Looks good, but I see a bit of data that needs scrubbing in the locations ... "USA, Texas" vs. "USA, TX" for one, plus a few others scattered around. Nice improvement though!

John Buckman

I see a bit of data that needs scrubbing in the locations

Whoops, you're right. I think I've fixed all the mistakes now.

-john

Nathan Jones

Still confused...

1. What are the risks to non-USA customers using non-USA music? That a collection agency in a different country might get upset?

2. "... never mix in unlicensed music from other sources." But mixing with licensed music from other sources should be okay, right?

John Buckman

1. What are the risks to non-USA customers using non-USA music?

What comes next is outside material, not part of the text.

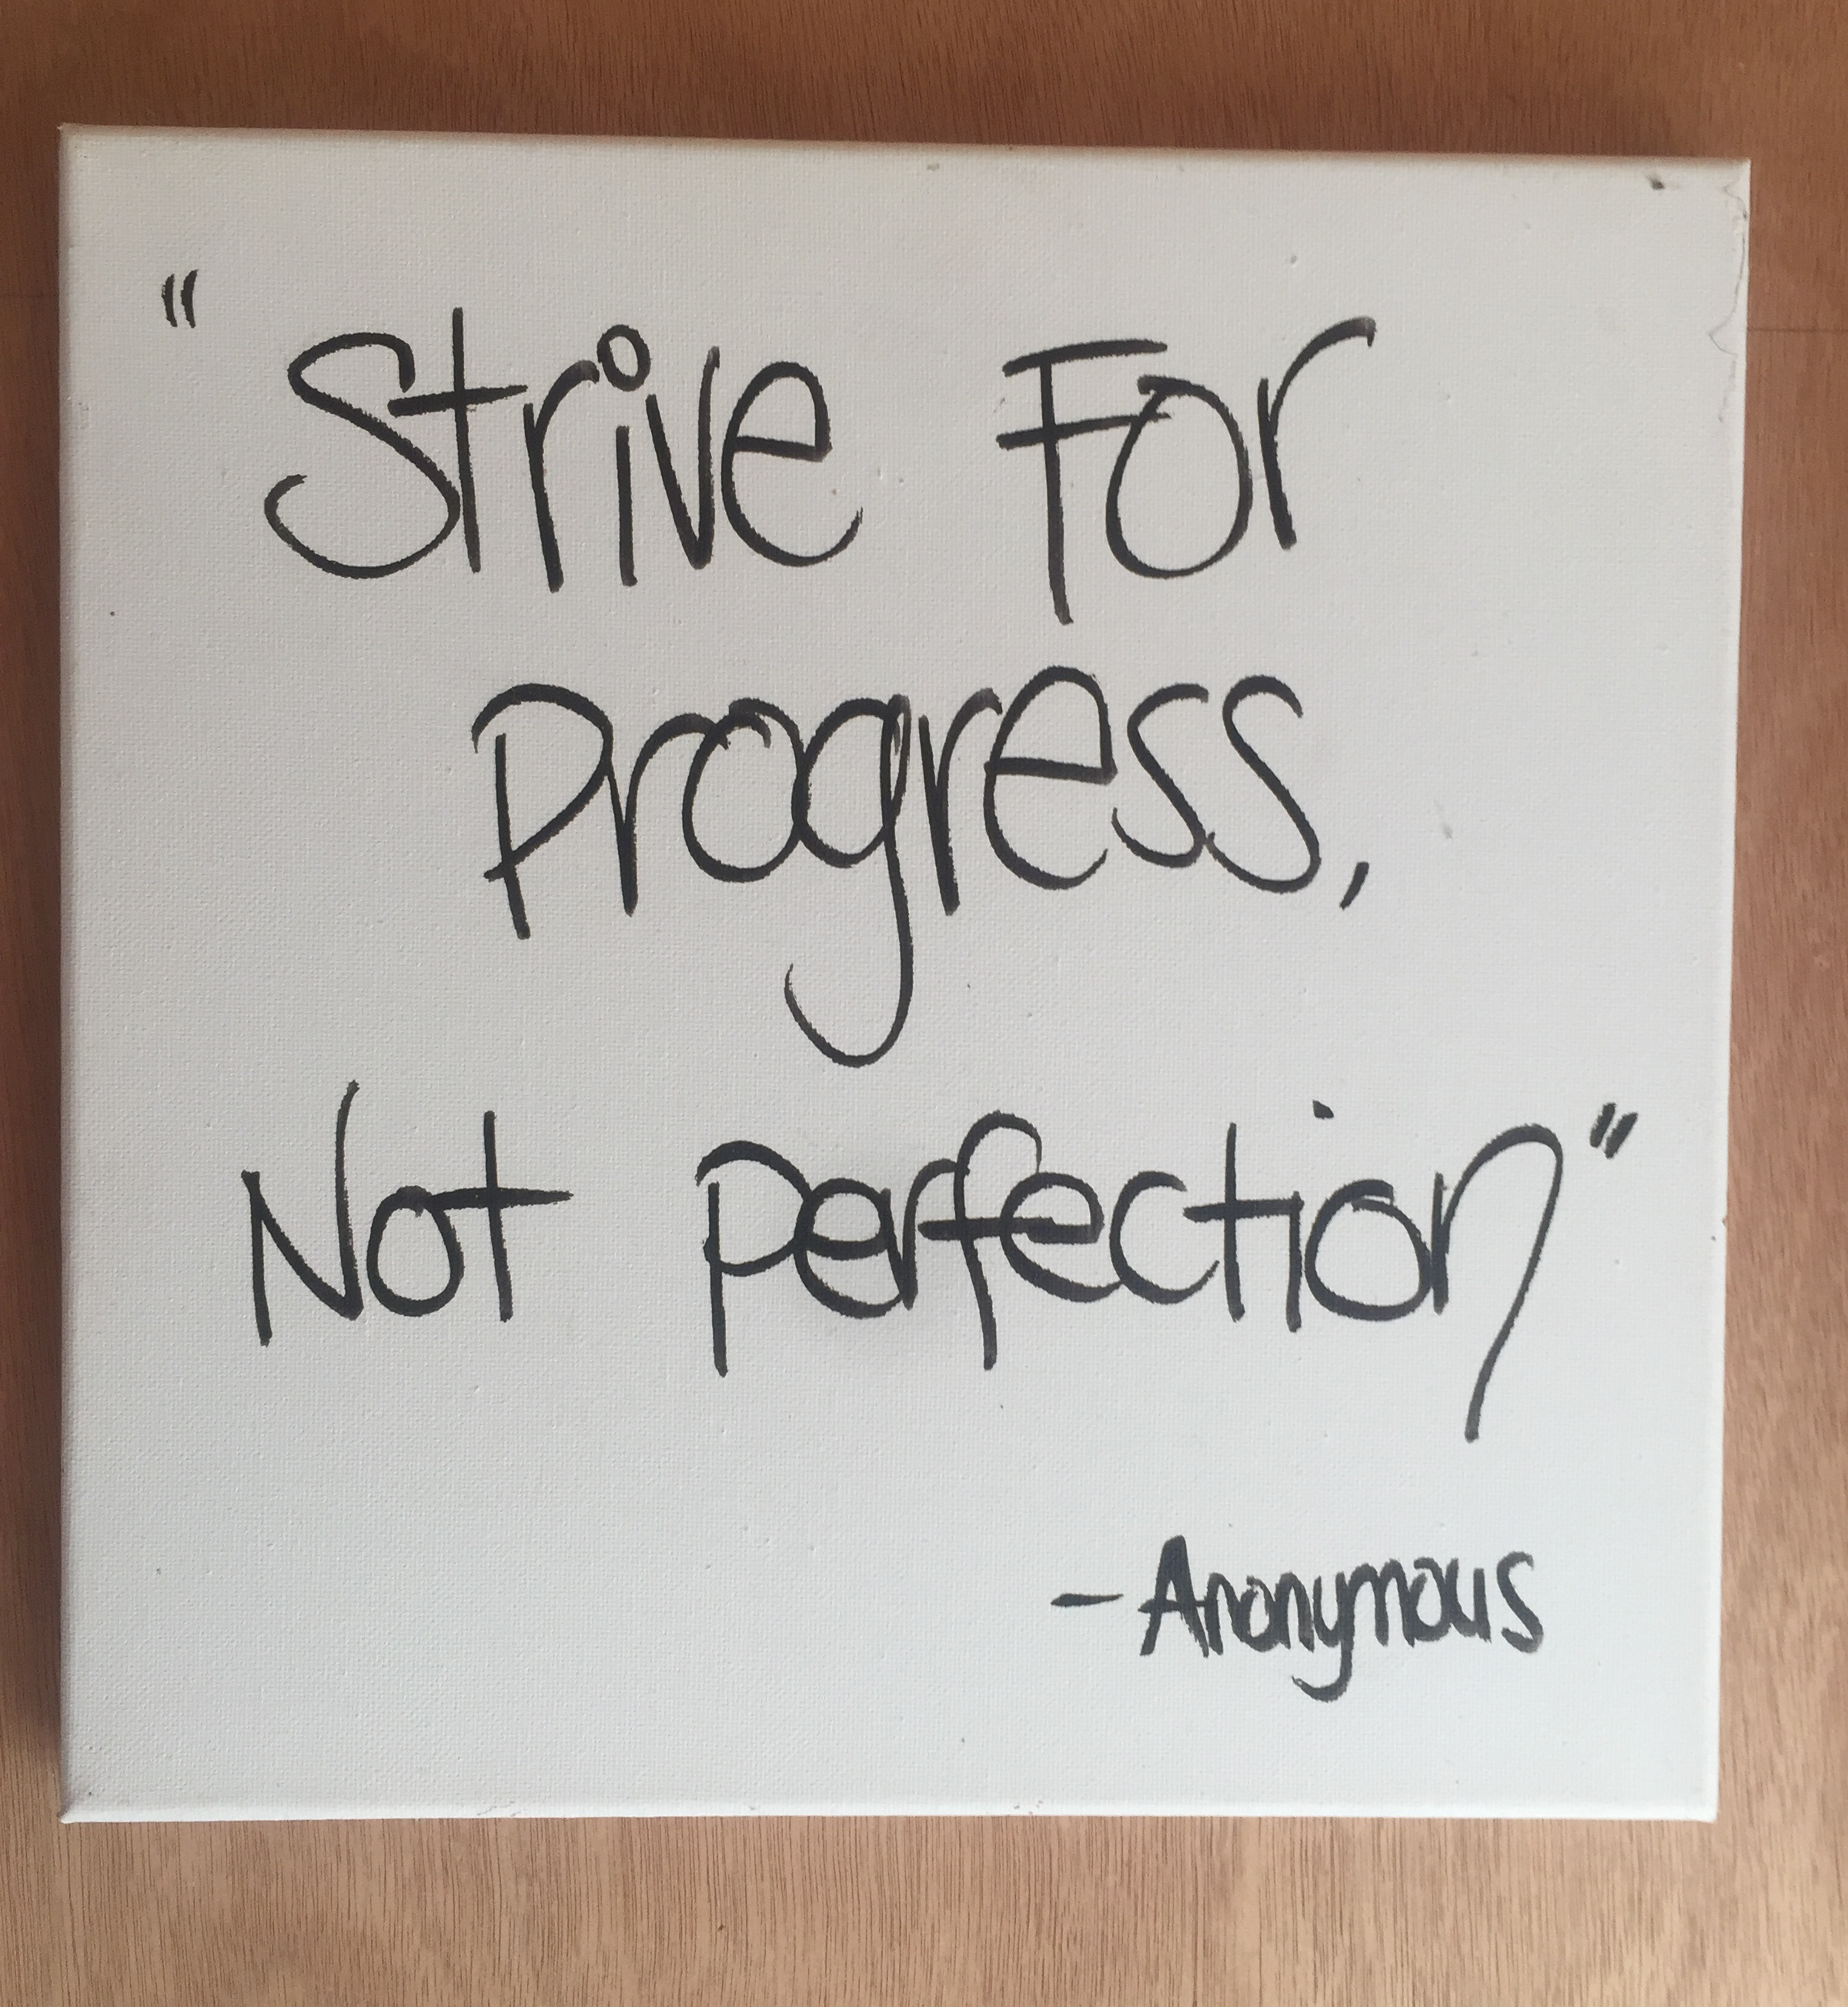 strive for progress, not perfection

That a collection agency in a different country might get upset?

First, the issue only applies to people playing music in a public space, as this falls under a monopoly collections agency in every country I know of. For example, clothing stores need to pay performing rights agency fees to play any music in their stores. This problem doesn't apply to other uses of licensed music.

The only risk is if you're trying to avoid paying their fees. The way the system works is that each agency has its own contracts with the musicians in its country, and each contract has different terms. In the USA, the contract allows musicians to do their own deals, such as with Magnatune.

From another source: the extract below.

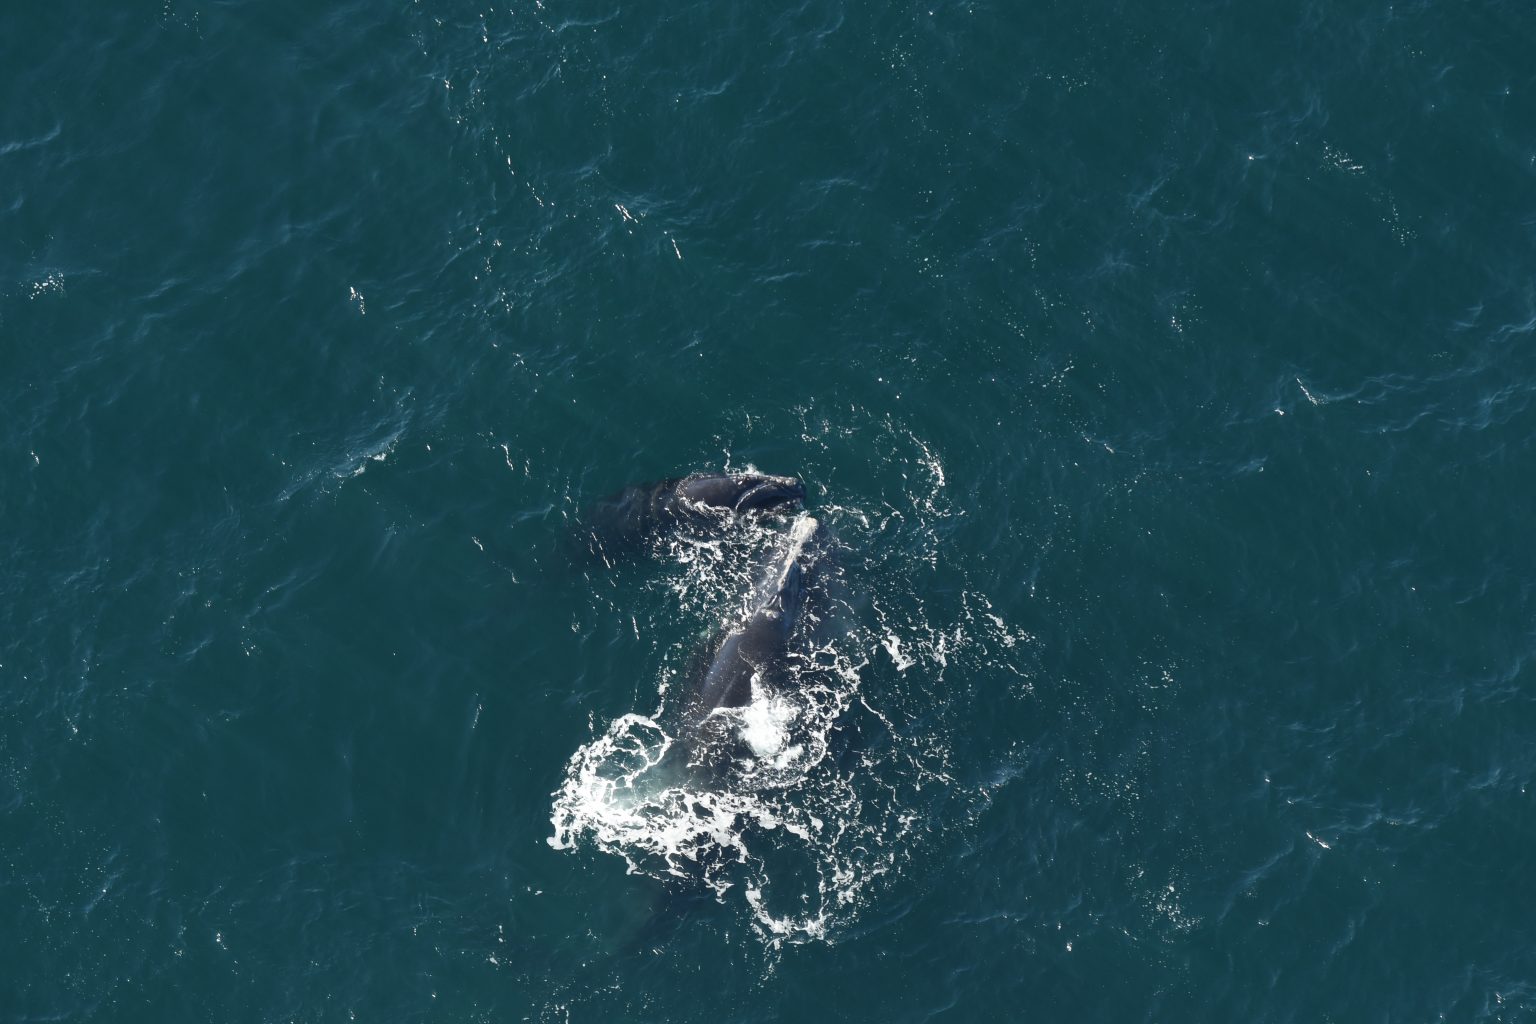 Latest Projection Finds North Atlantic Right Whale Population at Lowest Point in Almost 20 Years

So... the "risk" is simply that if you have a public space and you play licensed music from Magnatune that isn't from the USA, your local collections agency may not recognize your license and may insist you pay their fees.

2. "... never mix in unlicensed music from other sources." But mixing with licensed music from other sources should be okay, right?

Again, this is only for public spaces, such as restaurants and clothing stores. Most performing rights collection agencies have a simple fee structure that says "if you play any music that we can collect on, even just one song, you pay the same fee as if you played nothing but songs we can collect on"

If you play music that you licensed elsewhere, make sure that it's performing-rights-royalty-free, otherwise you may have to pay the full fee to your performing rights agency.

Steph Wills

I like it. Any chance of linking the artist location to Google Maps as well? For example:

Location of artist: Edinburgh, Scotland (Google Map)

John Buckman

Any chance of linking the artist location to Google Maps as well? For example:

That's not overkill? That's useful?

Steph Wills

I don't see it as overkill. And while I'm not sure how useful it is, it's certainly convenient. But maybe it's just me.

Ryan Sawhill

I wouldn't call it overkill; more a waste of someone's (i.e. John's) time. I love me some gmaps just as much as the next person, and so if it's super-easy for you to implement, sure. I really think it's just not necessary though.